Il romanzo contrappone, neanche troppo sottilmente, vite ed esistenze diverse mettendoci davanti alle cose importanti, ai valori essenziali e fondamentali togliendo tutto ciò che è superfluo. Così da un romanzo costellato di dispiaceri e tragedie l'autrice trasmette al lettore una forza suprema, insuperabile, inafferrabile che solo passando attraverso il punto di vista di Yolandi (o una vita difficile) è possibile assumere. 

<<E poi si è messa a sussurrarmi delle cose, tutte incentrate sull'amore, sulla bontà, sull'ottimismo e la forza. E su di te. 
Sulla nostra famiglia.
Su come possiamo lottare duramente, ma su come possiamo anche riconoscere la sconfitta e smettere di lottare e dire pane al pane. Le ho chiesto cosa si fa quando il pane non è pane e mi ha detto che alle volte la vita va così, che il pane non è il pane, e bisogna accettarlo.>>

Un romanzo da togliere il fiato, da sottolineare e rileggere e amare. Un capolavoro che consiglio davvero a tutti i lettori.

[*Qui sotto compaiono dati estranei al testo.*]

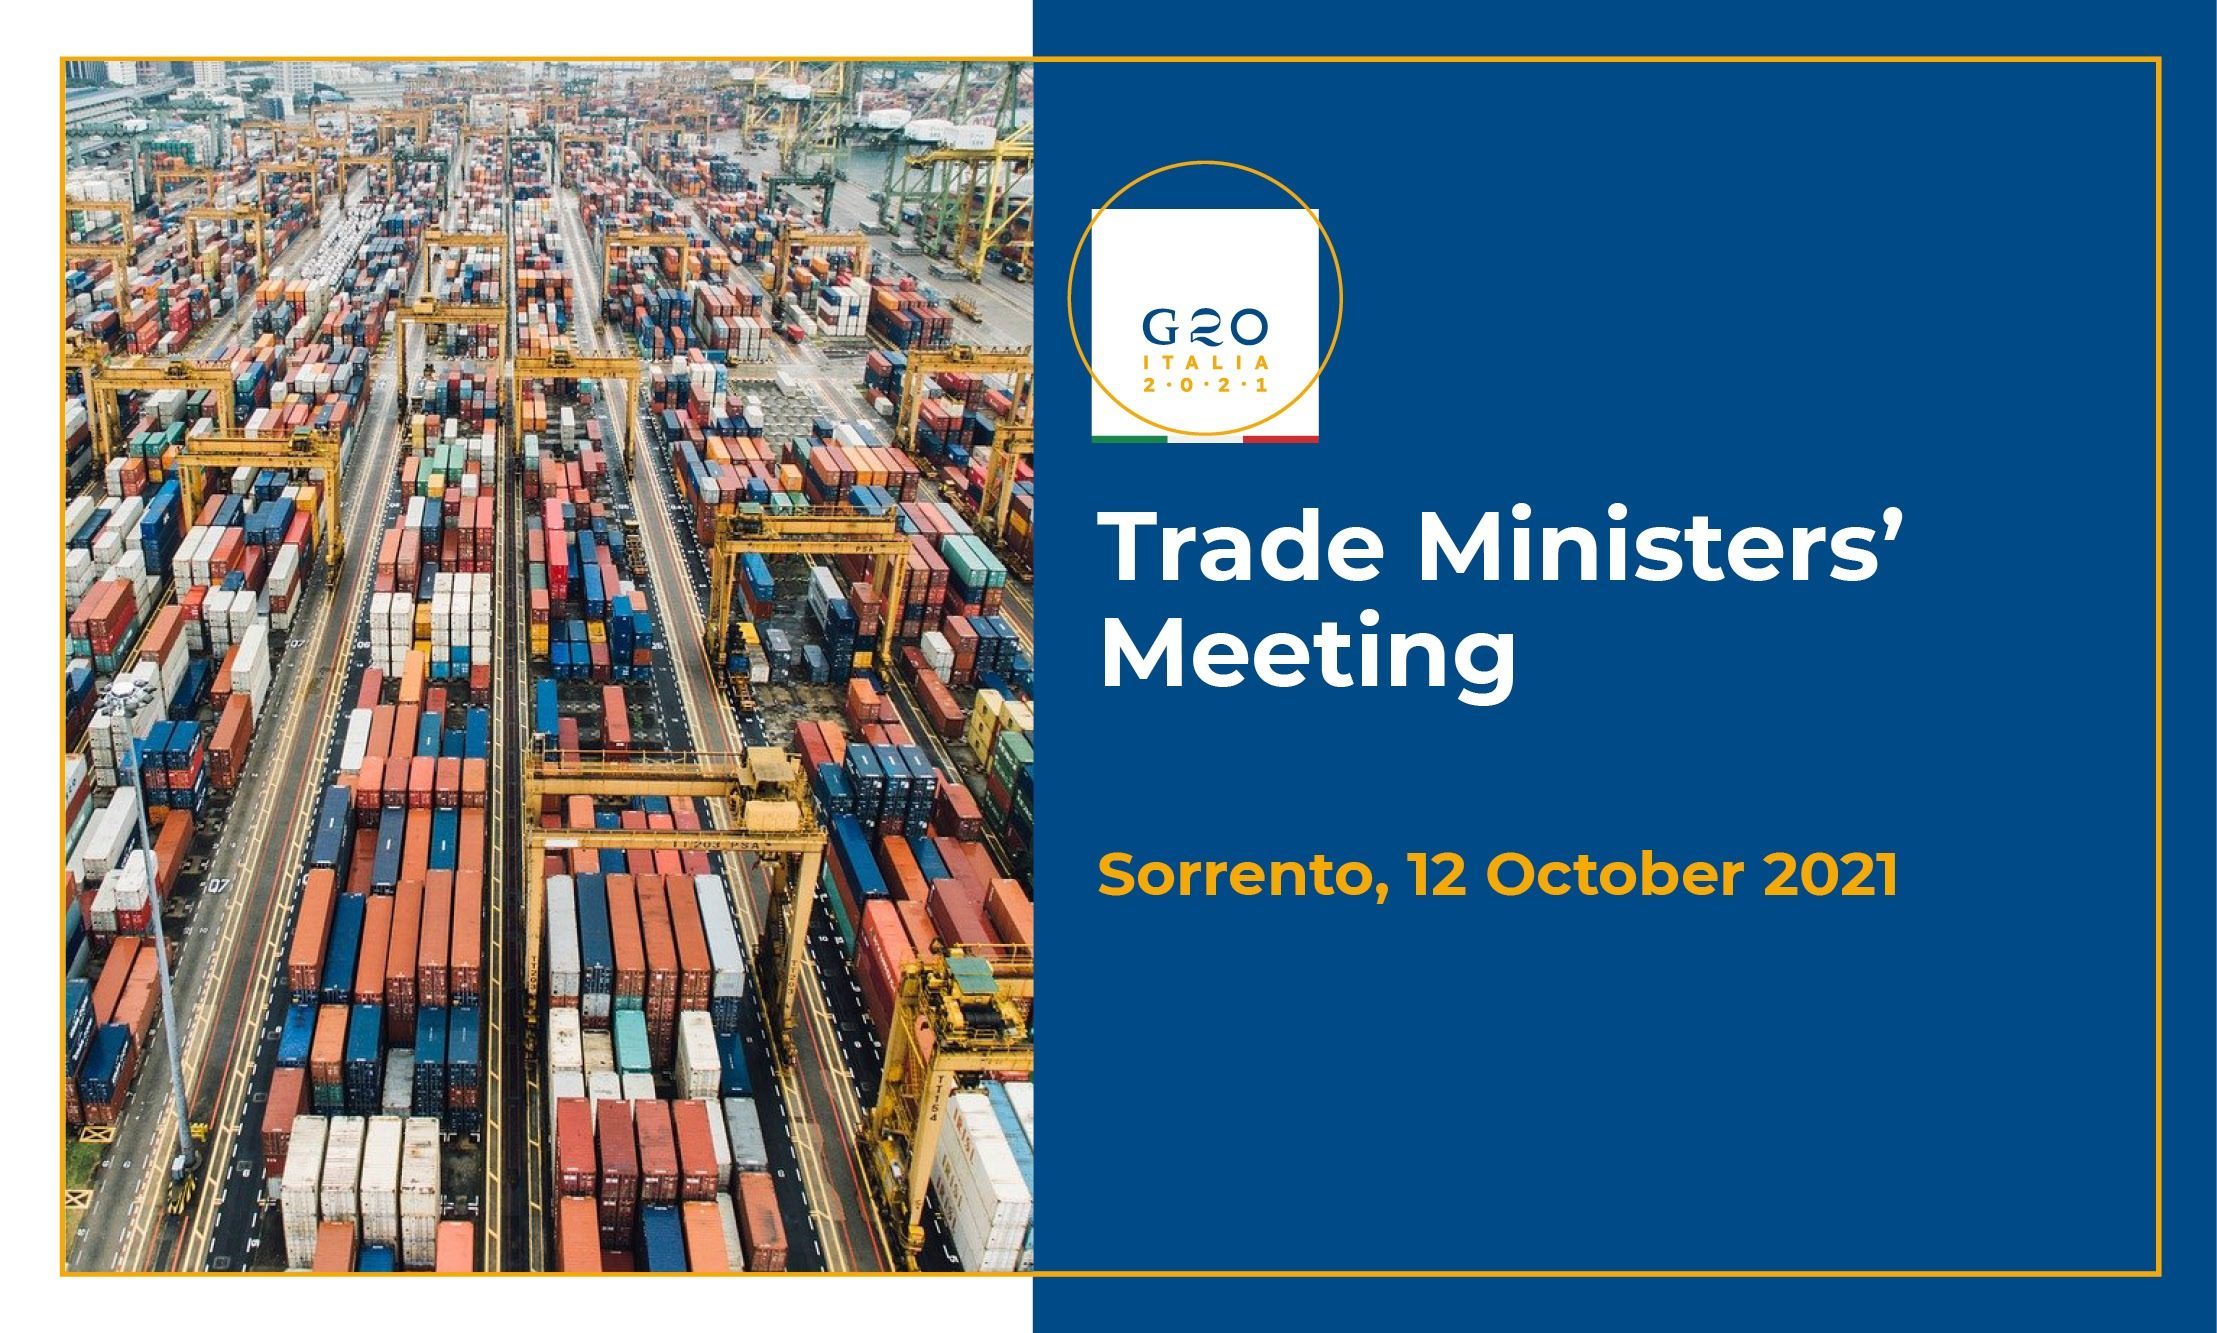 The G20 Ministerial Meeting on Trade to be held in Sorrento

COPERTINA 5 | STILE 9 | STORIA 8,5 | SVILUPPO 8,5



Titolo: I miei piccoli dispiaceri
Autore: Miriam Toews, traduzione di Maurizia Balmelli
Editore: Marcos y Marcos
Numero di pagine: 361
Prezzo: 18,00 euro

Trama:

Elf è sempre stata la più bella.
Ha stile, idee geniali, ti fa morir dal ridere; le capitali del mondo la ricoprono allegramente di dollari per farle suonare il pianoforte e gli uomini si innamorano perdutamente di lei.
Yoli è la sorella squinternata. Ha messo al mondo figli con padri diversi, ha un amante avvocato, se si rompe la macchina fa sesso con il meccanico, ha il conto sempre in rosso e una carriera mancata.
E cos’è adesso questa storia che Elf vuole morire? Proprio in questo momento, poi, a due settimane da un’importantissima tournée.
“Elfie, ma ti rendi conto di quanto mi mancheresti?” Quali sono le cose giuste da dire per salvare una vita? Yoli la prende in giro, la consola, la sgrida, aggredisce lo psichiatra dell’ospedale, cammina lungo il fiume tumultuoso del disgelo, non sa più che pesci pigliare.
Cospira con la madre, con zia Tina, con il tenero marito scienziato di Elf, con Claudio, il suo agente italiano, e tra cene alcoliche, sms di figli ed ex mariti, sorrisi e ultime frontiere del pianto, lottano tutti per convincere Elf a restare. E in questo lungo duello di parole, carezze, umorismo nero si celebra la grazia e l’energia che occorrono per accettare il dono fragile della vita.



L'AUTRICE

Autentica rivelazione della narrativa anglofona degli ultimi anni, Miriam Toews nasce in Canada, in una comunità mennonita di stampo patriarcale. A diciotto anni è già a Montréal, e scrivere è la sua ribellione. Il regista Carlos Reygadas la tenta con il cinema, nominandola sul campo protagonista di Luz silenciosa; la sua interpretazione è memorabile, ma il suo vero terreno rimane la scrittura. Un tipo a posto, il secondo romanzo, è pieno di tenerezza e comicità; Un complicato atto d’amore, best seller in Canada, viene tradotto in quattordici lingue. In fuga con la zia si aggiudica il Rogers Writers’ Trust Fiction Prize; Mi chiamo Irma Voth evoca la sua esperienza sul set di Luz silenciosaI miei piccoli dispiaceri è già un caso letterario: acclamato dalla critica negli Stati Uniti e in Canada, vincitore o finalista dei più prestigiosi premi letterari, è segnalato tra i libri più belli del 2014 da The Globe and Mail, American Library Association, New Republic, iTunes Fiction Books, BuzzFeed, The Washington Post, Slate, KirkusReviews, The Daily Telegraph.
Con Un complicato atto d’amore entra nel catalogo Marcos y Marcos anche lo splendido romanzo che ha portato Miriam Toews al successo internazionale; il primo in cui lei affronta il mondo ristretto e opprimente della setta mennonita in cui è cresciuta, e da cui è fuggita.